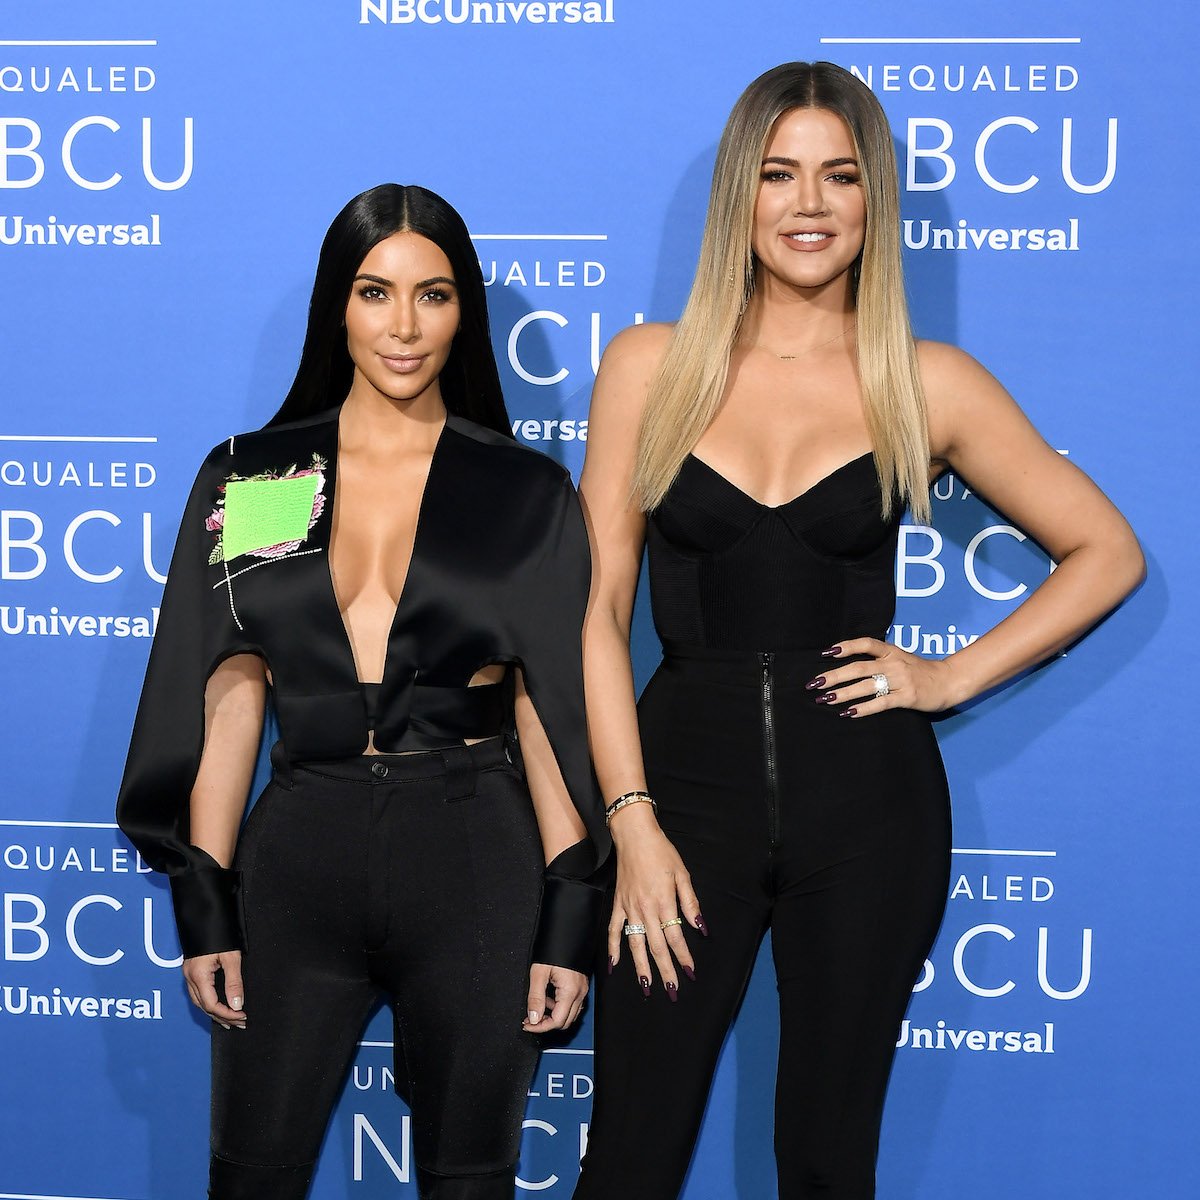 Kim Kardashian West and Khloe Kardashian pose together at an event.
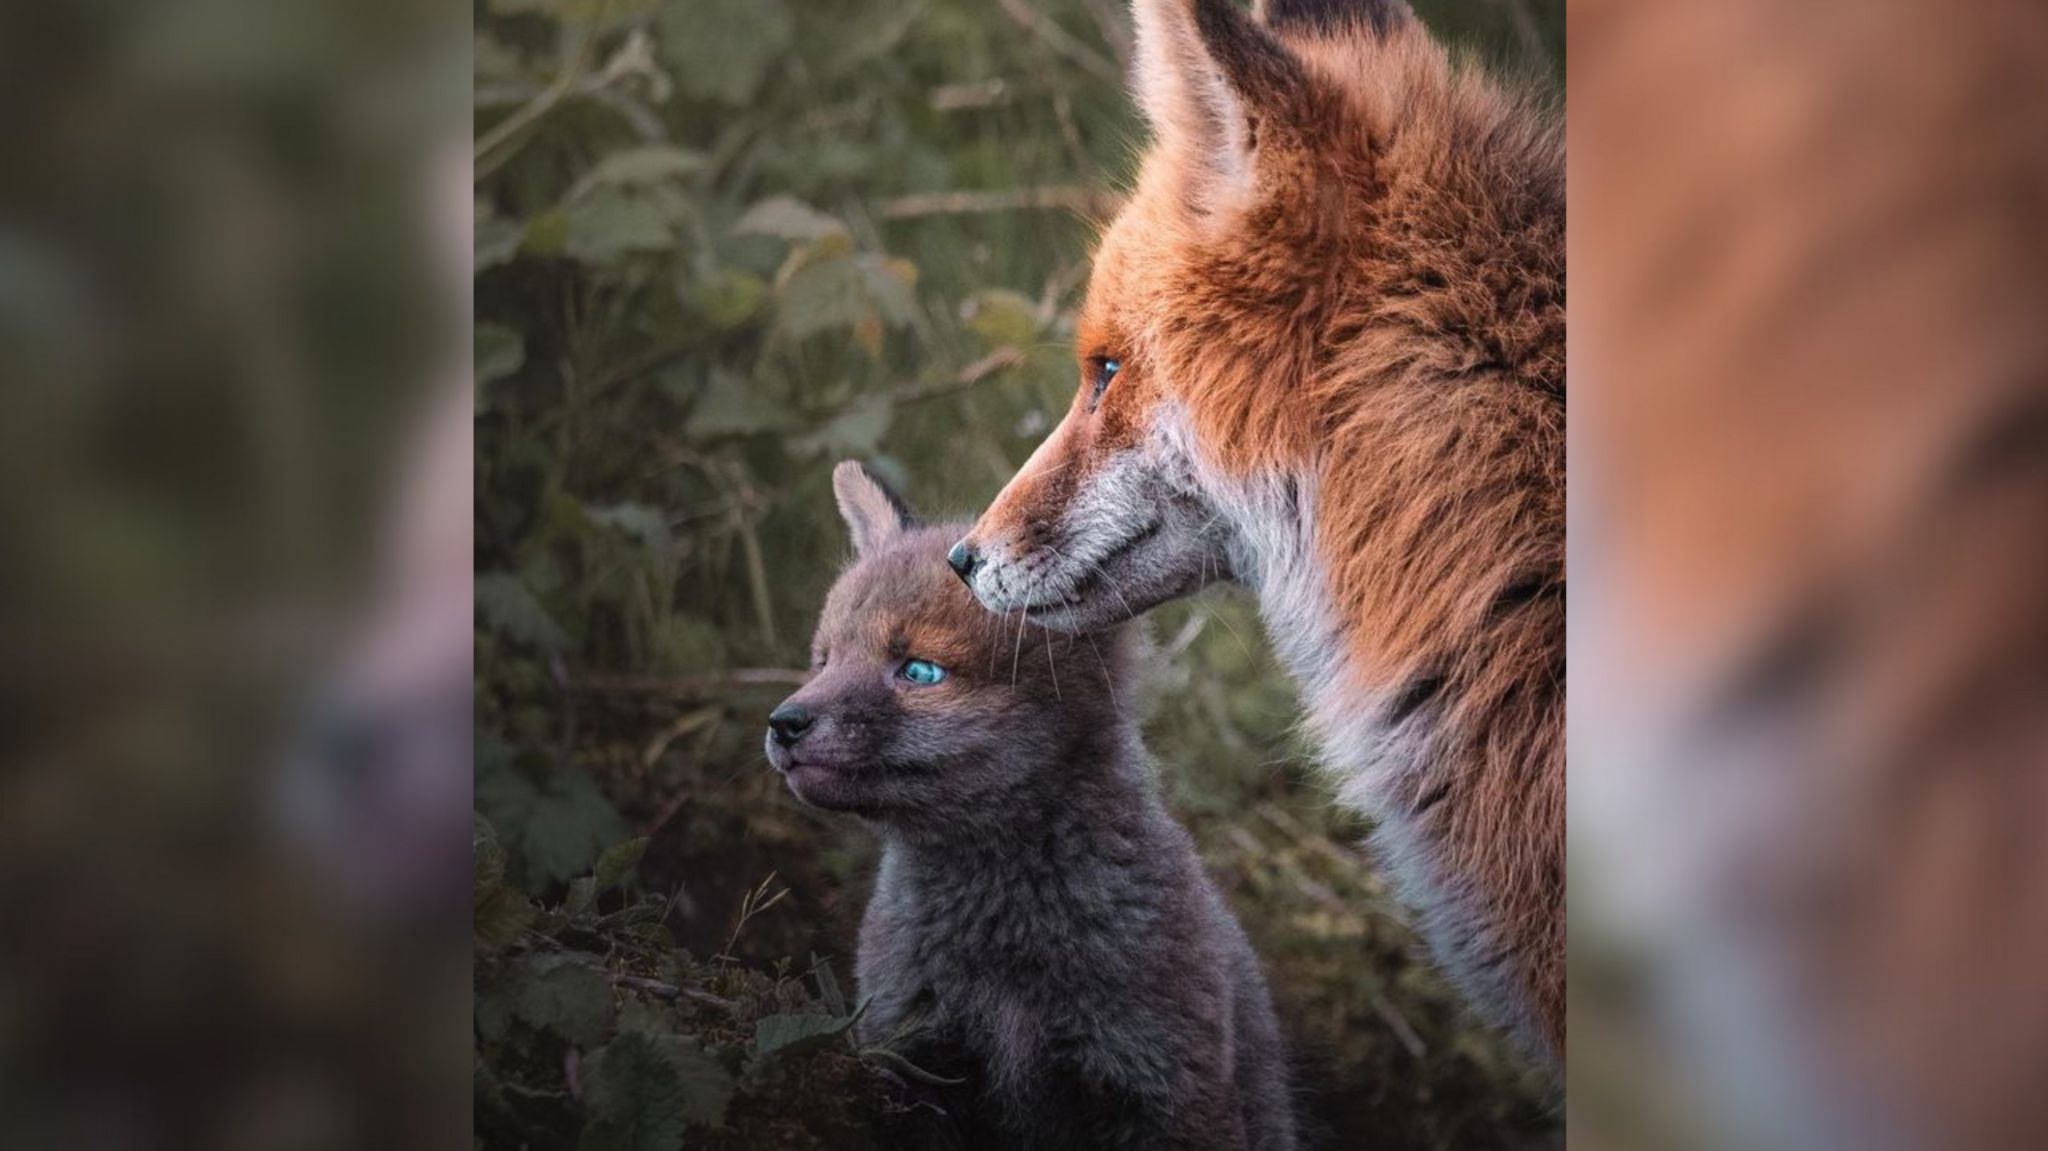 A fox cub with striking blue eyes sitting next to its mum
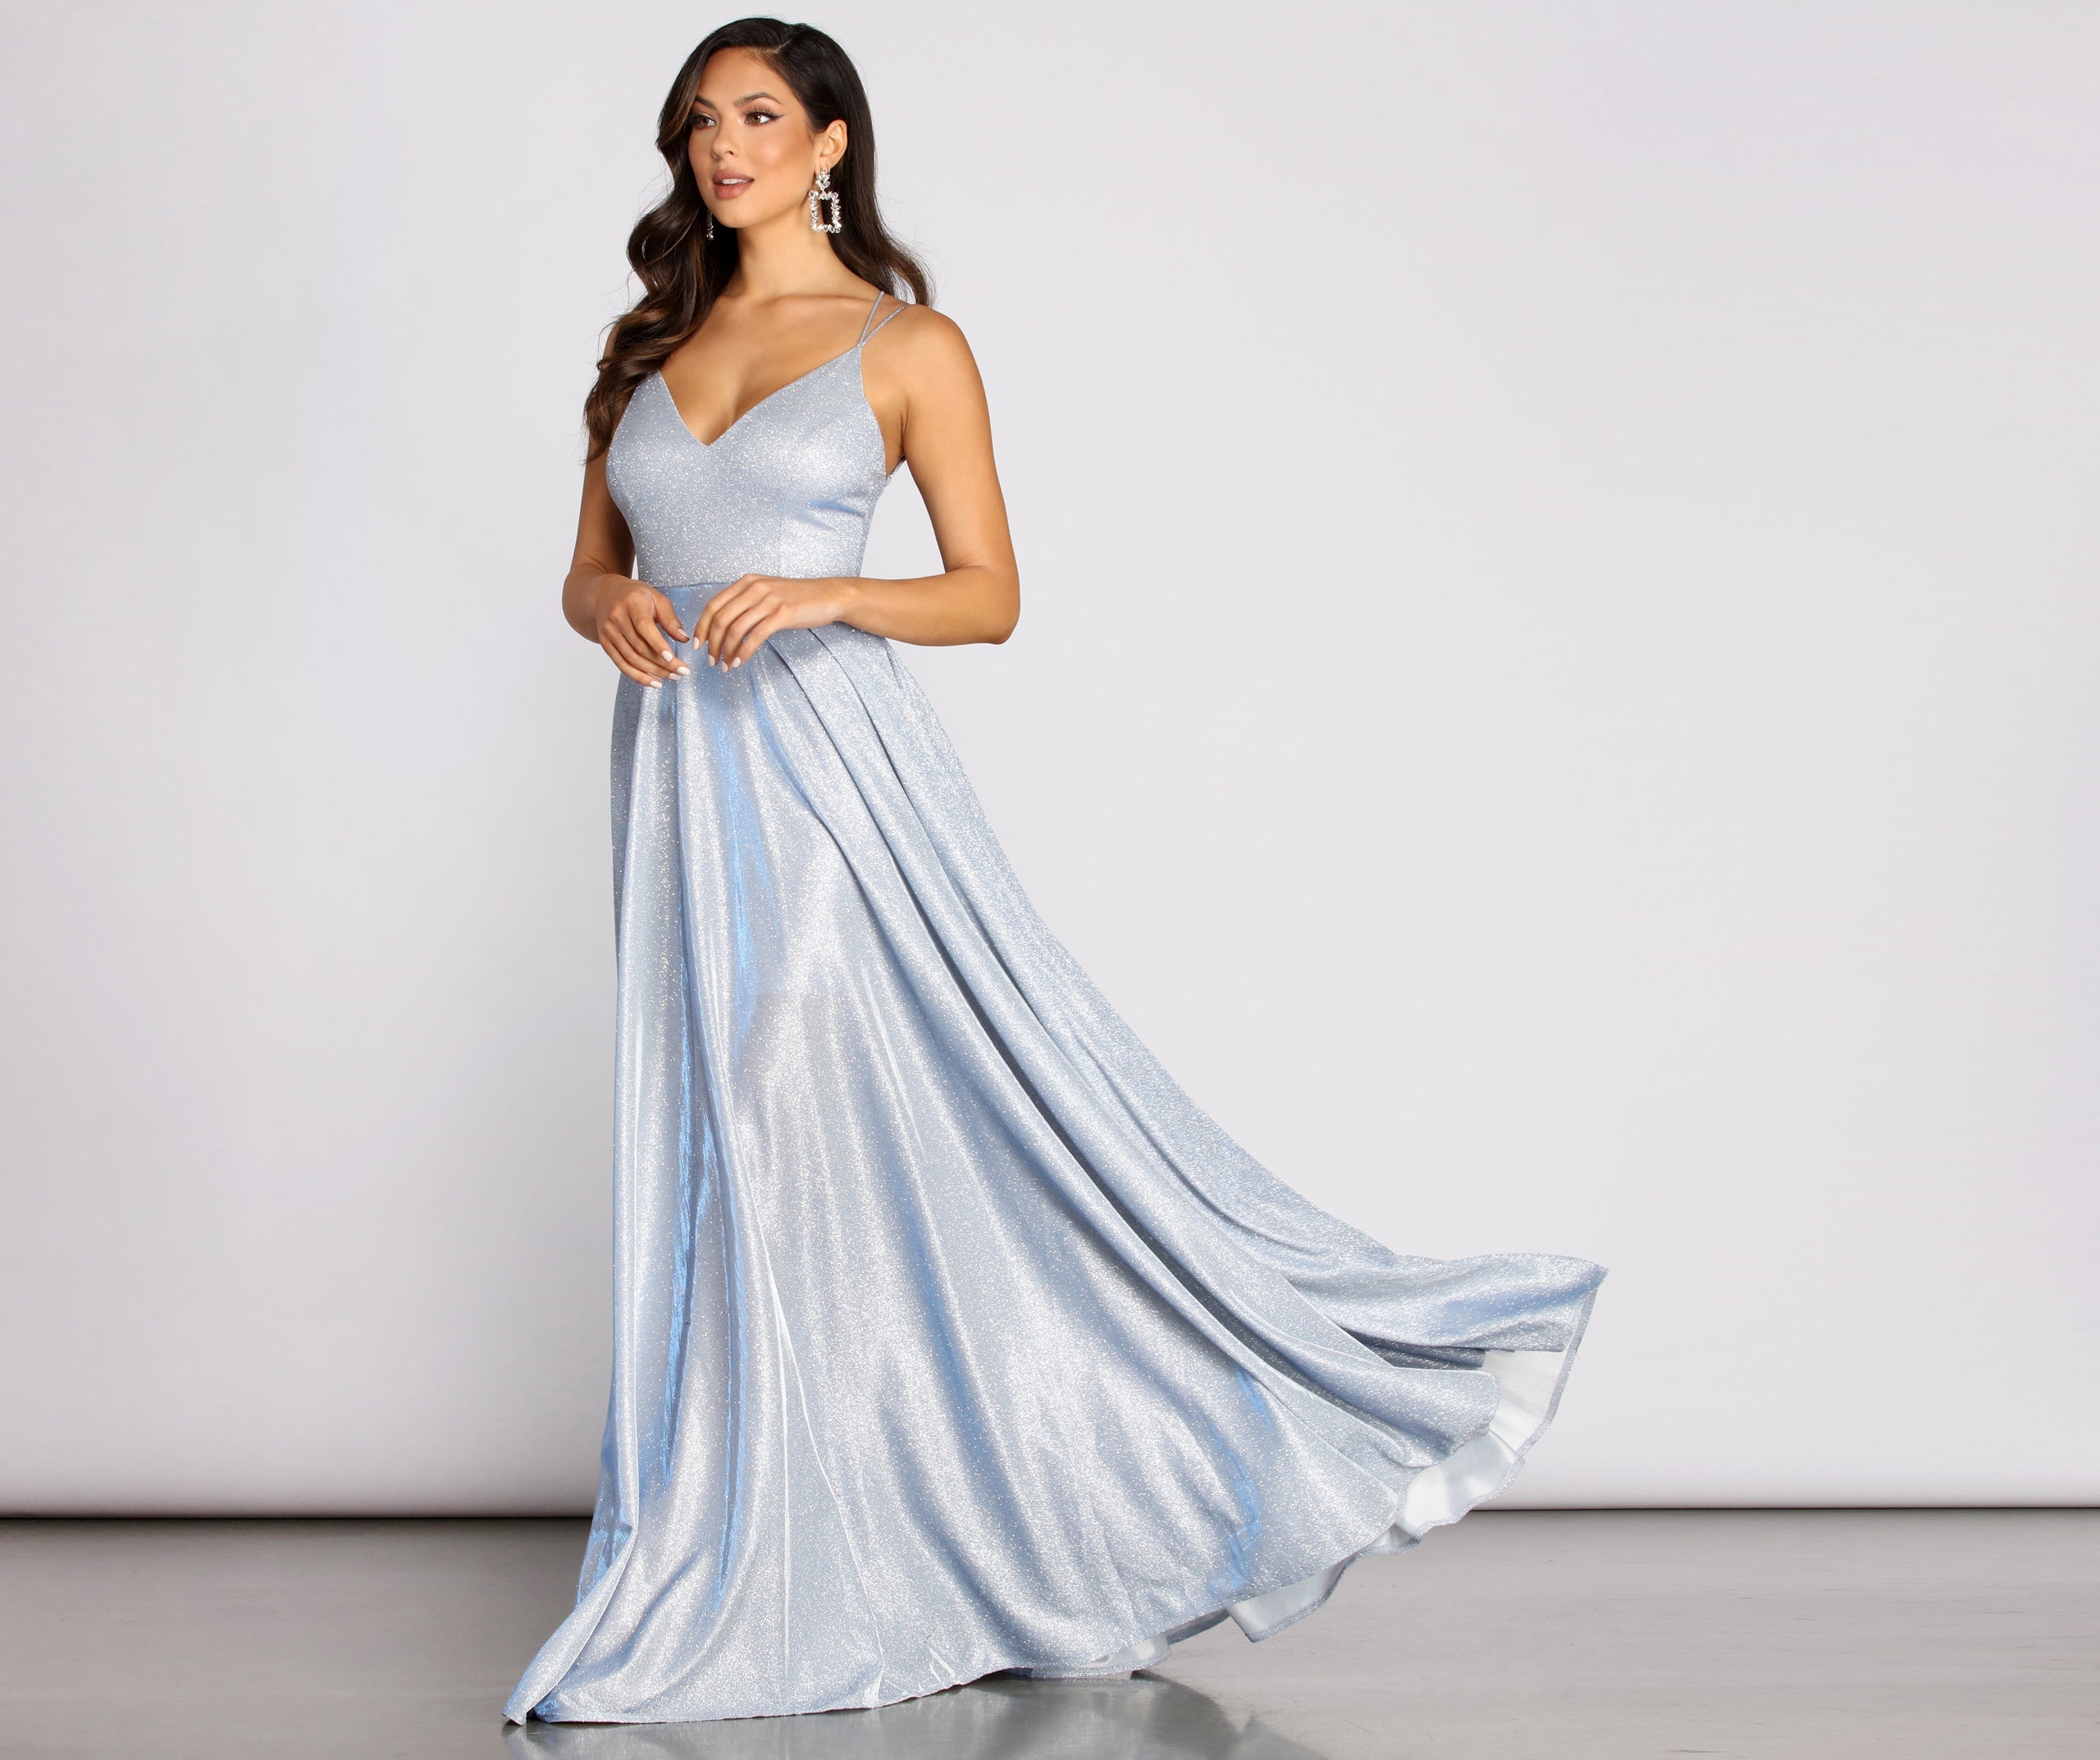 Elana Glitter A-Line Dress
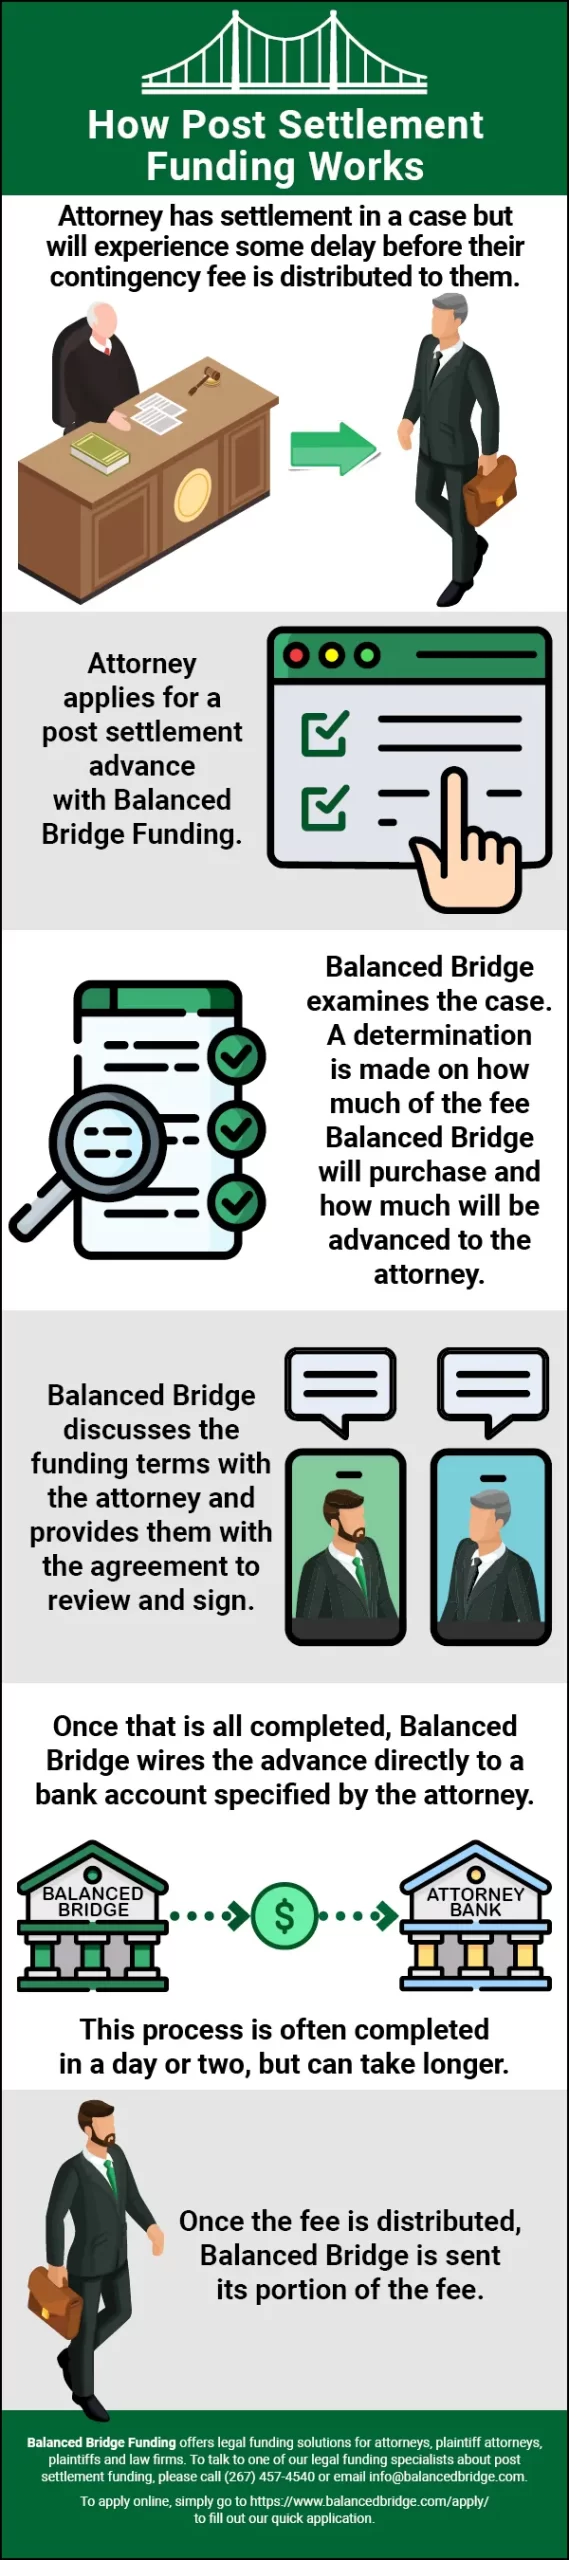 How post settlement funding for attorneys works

**WHAT YOU ARE ASKED TO DO**
The copy must match the listing above exactly but contain no pictures.

**COMPLETED EXERCISE**
 Kim Kardashian West and Khloe Kardashian pose together at an event.
 A fox cub with striking blue eyes sitting next to its mum
 Elana Glitter A-Line Dress
 How post settlement funding for attorneys works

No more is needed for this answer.